Esta noche, mientras metía a mis hijos en la cama, luchando contra el pánico que amenazaba

con consumirme, me he dado cuenta de que, como madre, no tendré la oportunidad que mis

padres tuvieron. No podré mirar a mis hijos y decirles honestamente que, si te esfuerzas lo

suficiente y te sacrificas lo suficiente, entonces todo es posible. Hoy he aprendido que puedes

tomar todas las decisiones correctas, hacer todo lo correcto, y aun así puede que no sea

suficiente, porque tu Gobierno te ha fallado.

Aunque mi Gobierno ha estado hablando mucho de proteger y ayudar a la clase media

estadounidense, lo que yo he visto ha sido lo contrario. Veo un Gobierno que ha estado al

servicio de los lobistas y de determinados grupos de interés concretos. Veo que se gastan miles

de millones de dólares en rescates para instituciones financieras...

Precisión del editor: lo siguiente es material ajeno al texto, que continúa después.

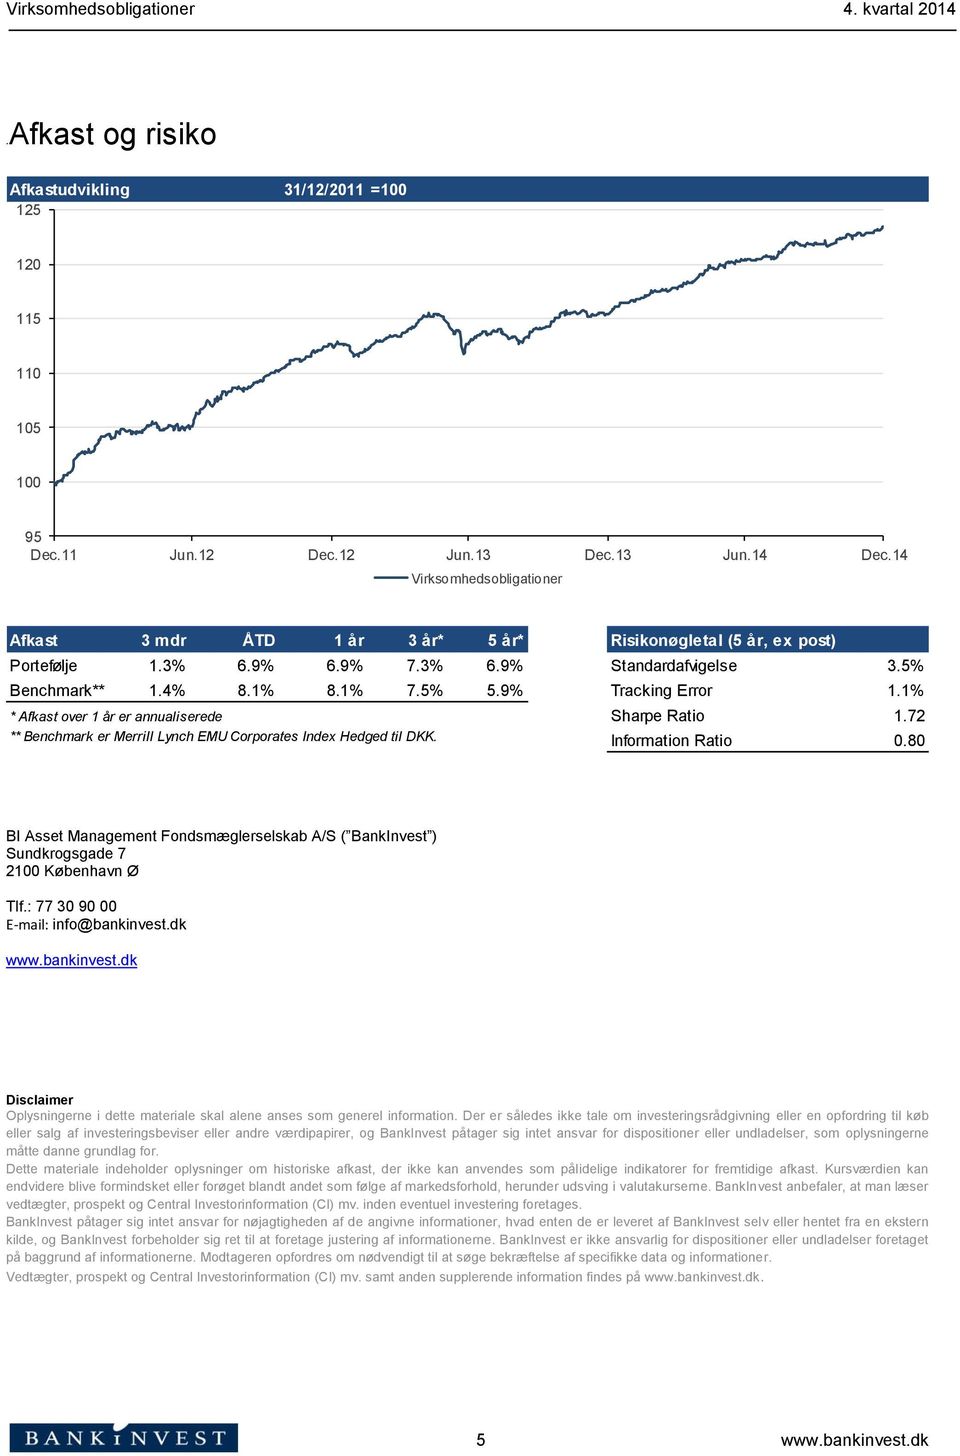 9% Tracking Error 1.1% * Afkast over 1 år er annualiserede Sharpe Ratio 1.72 ** Benchmark er Merrill Lynch EMU Corporates Index Hedged til DKK. Information Ratio 0.

Gracias por permitirme expresar tan solo algunos de mis pensamientos en esta emotiva

noche.

Atentamente,

NICOLE BRANDON

Virginia

Creo recordar que cada noche leía dos o tres cartas como esta. Luego las

volvía a meter en la carpeta en la que habían llegado y las añadía a la gran

pila de papeles que había sobre el escritorio. Aquella noche en concreto, el

reloj de pie de la sala de los Tratados marcaba la una de la madrugada. Me

froté los ojos, decidí que necesitaba una lámpara de lectura mejor, y miré

fugazmente la enorme pintura al óleo que colgaba sobre el pesado sofá de

piel. Representaba a un corpulento presidente McKinley, con el ceño

fruncido como un severo director de escuela, observando a un grupo de

hombres con bigote mientras firmaban el tratado que ponía fin a la guerra

hispano-estadounidense de 1898, todos ellos reunidos en torno a la misma

mesa donde ahora me sentaba. Era una magnífica obra para un museo, pero

no constituía la mejor elección para el que ahora era mi despacho principal;

tomé nota mental de hacerlo reemplazar por algo más contemporáneo.